[Start of Attachment]
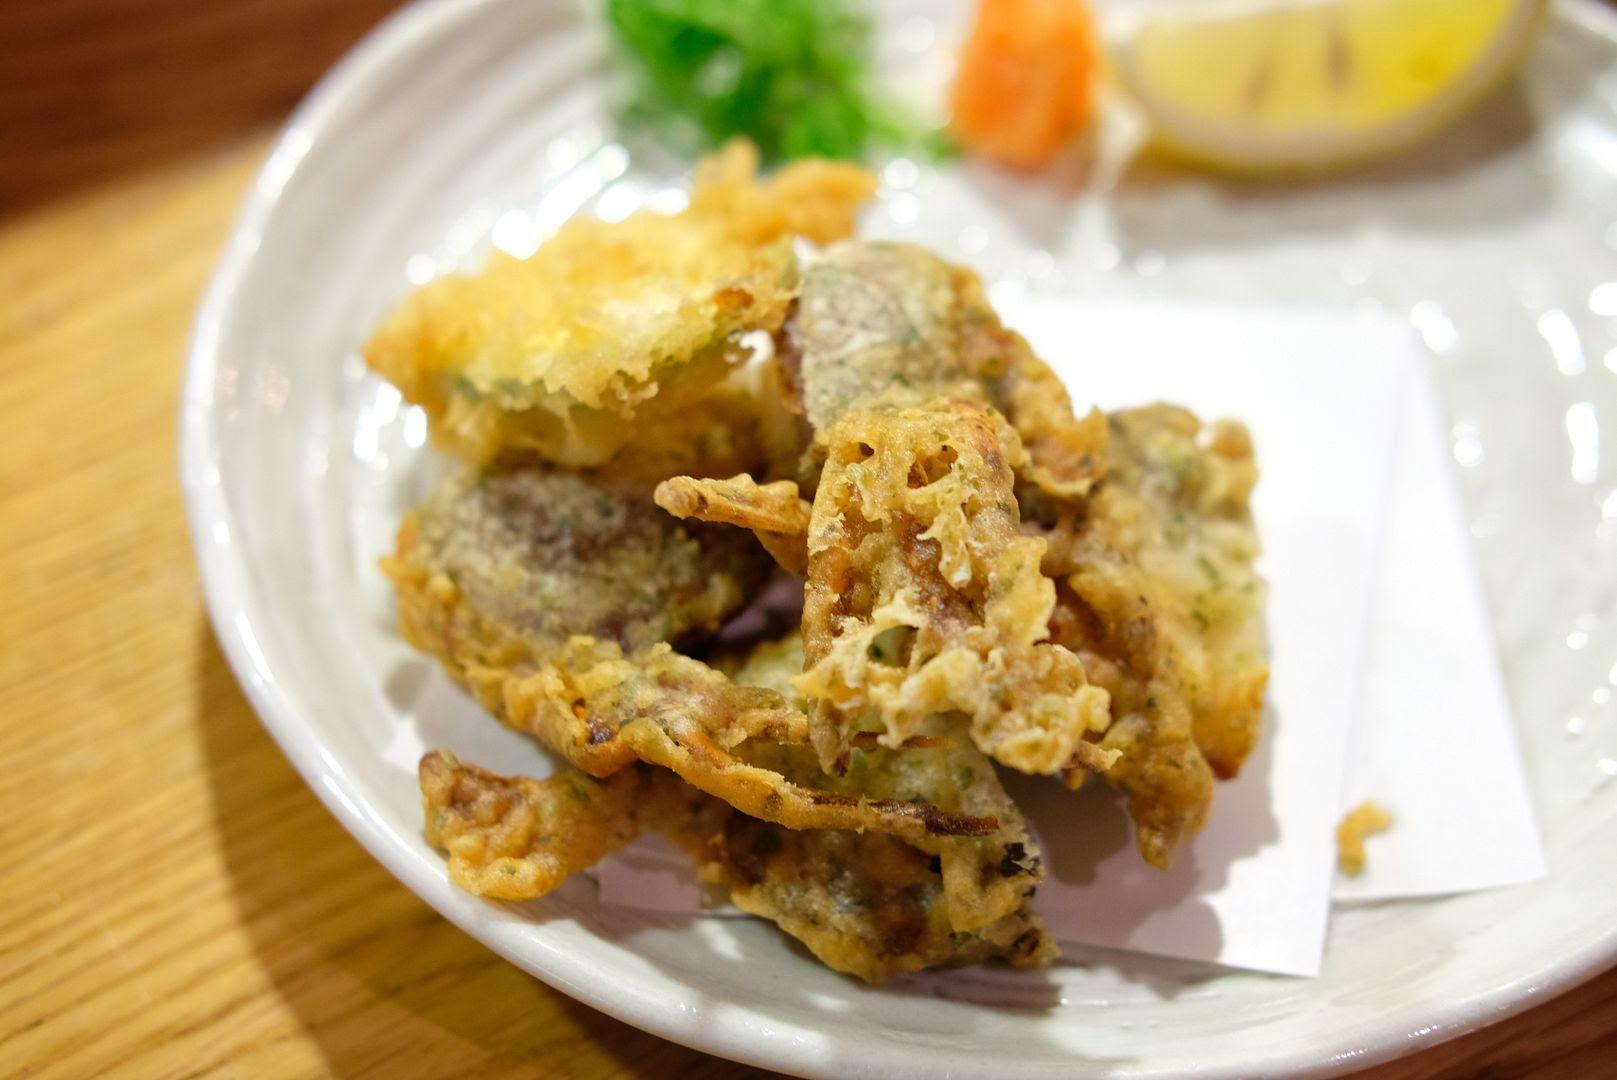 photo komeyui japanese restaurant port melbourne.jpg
[End of Attachment]
[Start of Attachment]
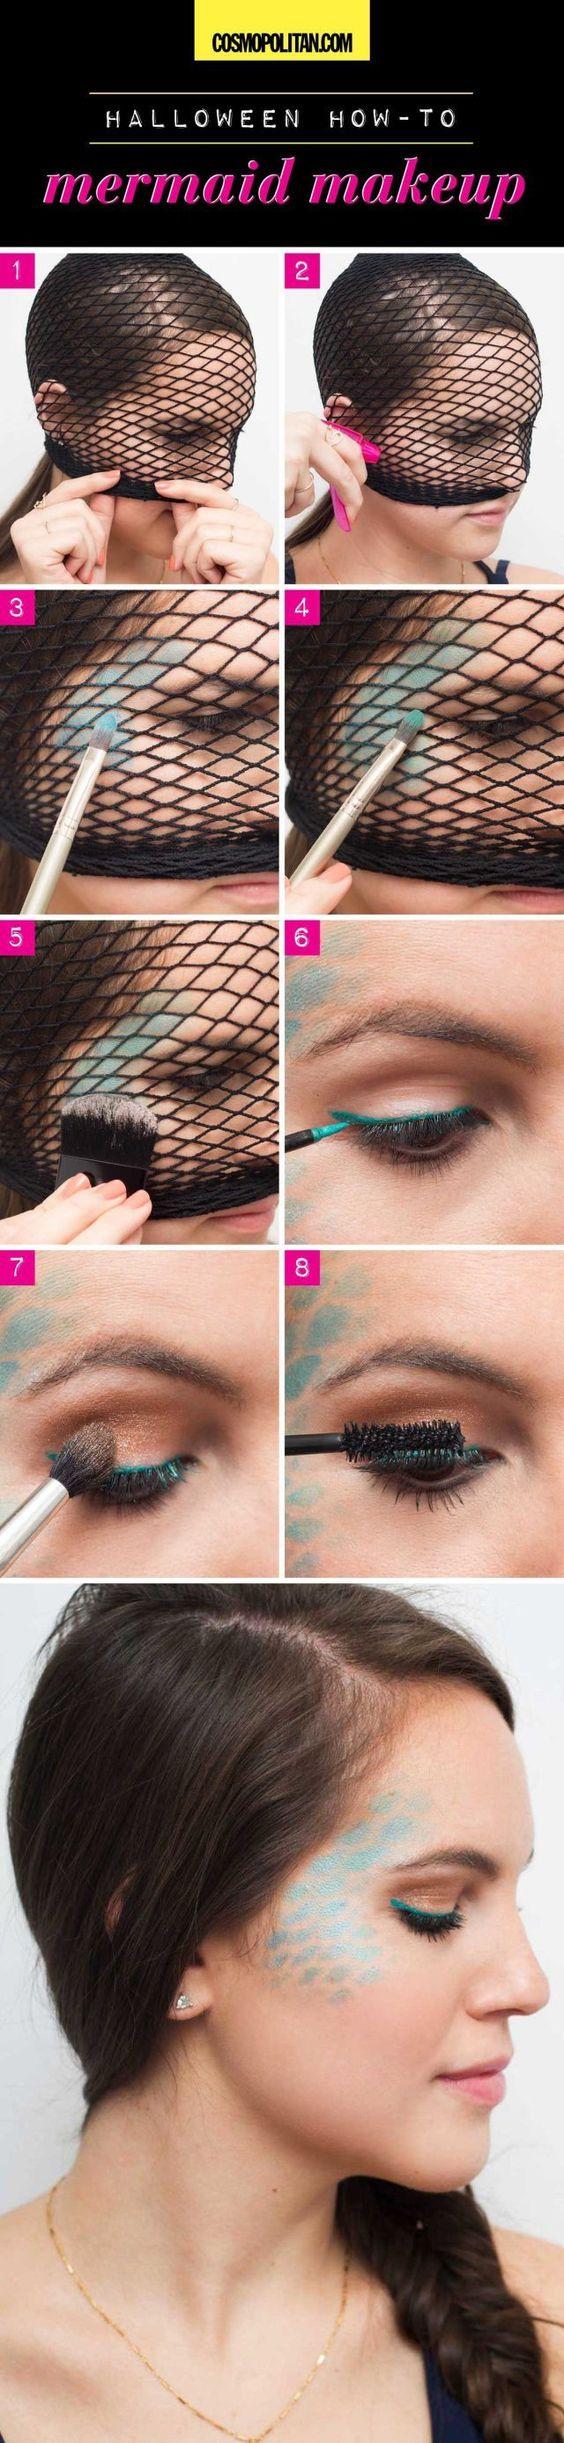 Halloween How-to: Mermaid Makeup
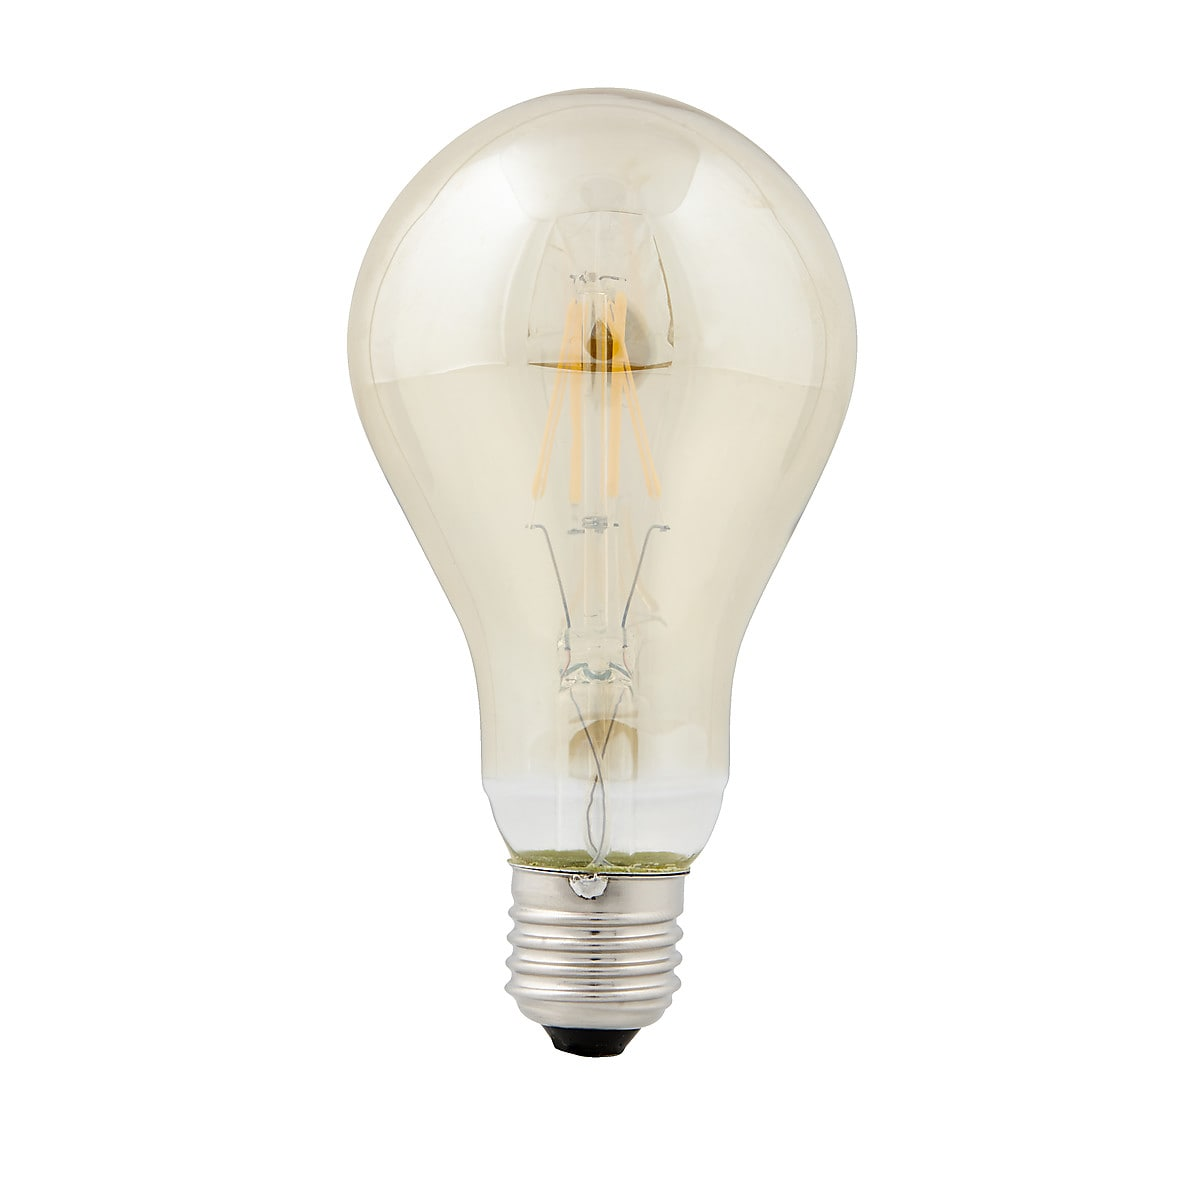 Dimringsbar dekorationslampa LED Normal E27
[End of Attachment]
[Start of Attachment]
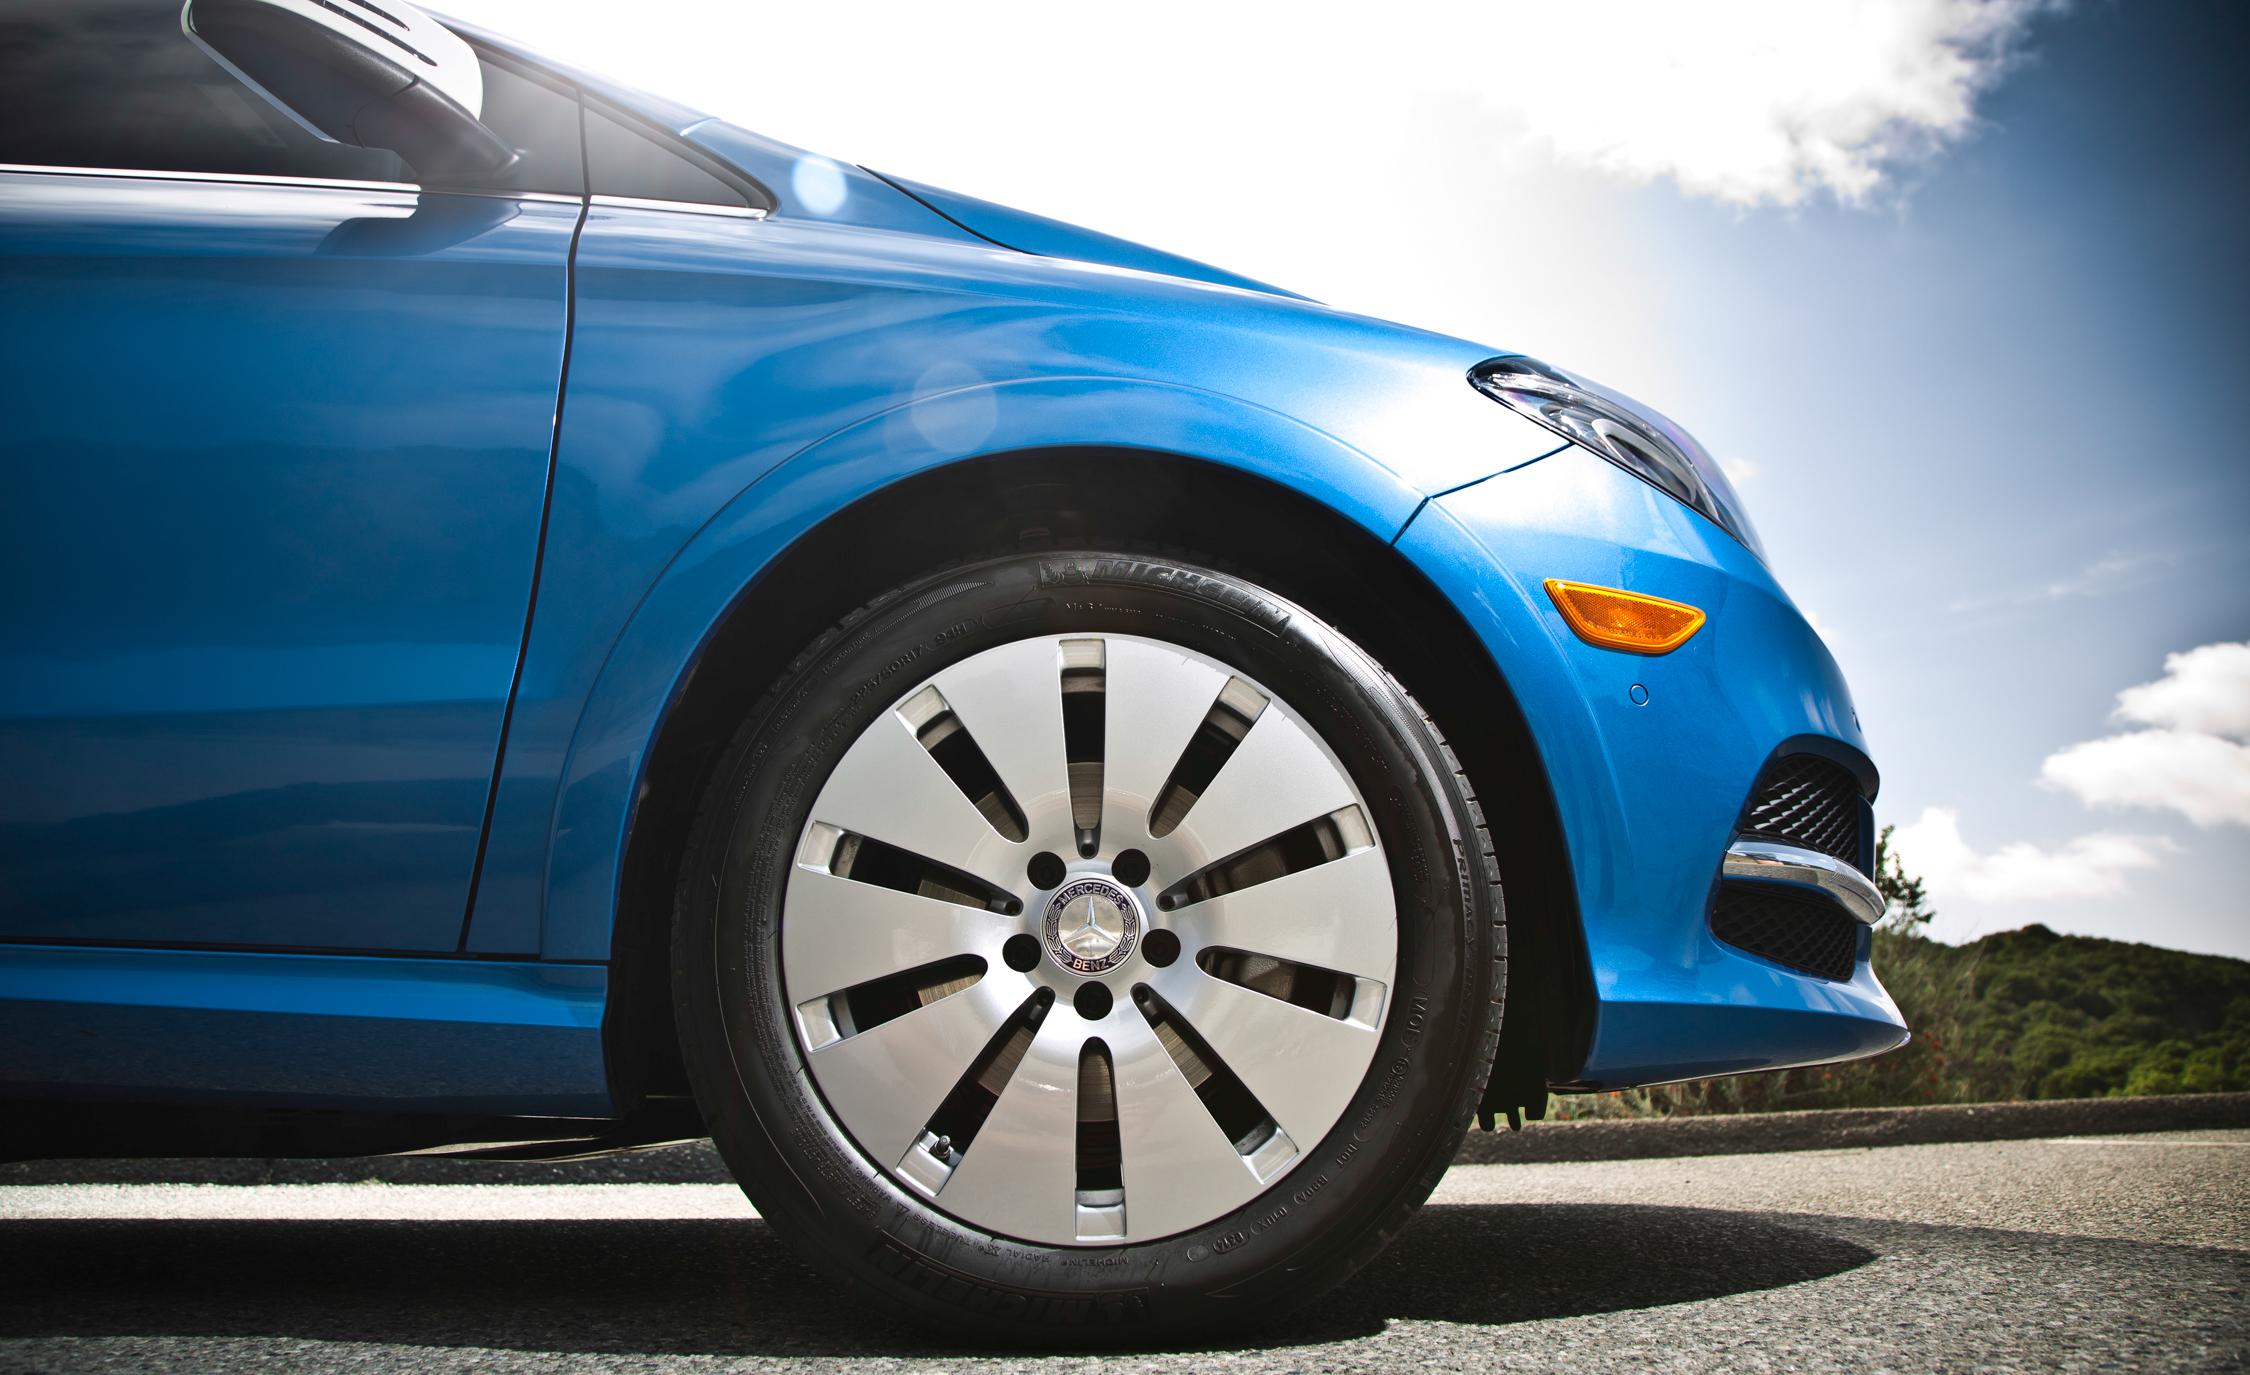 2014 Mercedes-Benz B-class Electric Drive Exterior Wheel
[End of Attachment]
◆ **INSTRUCTIONS FOR THE TASK**
In the records above, everything from the line with "Halloween How-to: Mermaid Makeup" down to the line with "Dimringsbar dekorationslampa LED Normal E27" is to be set down exactly, both ends included, with no pictures and no other lines.

◆ **EXERCISE OUTPUT**
 Halloween How-to: Mermaid Makeup
 Dimringsbar dekorationslampa LED Normal E27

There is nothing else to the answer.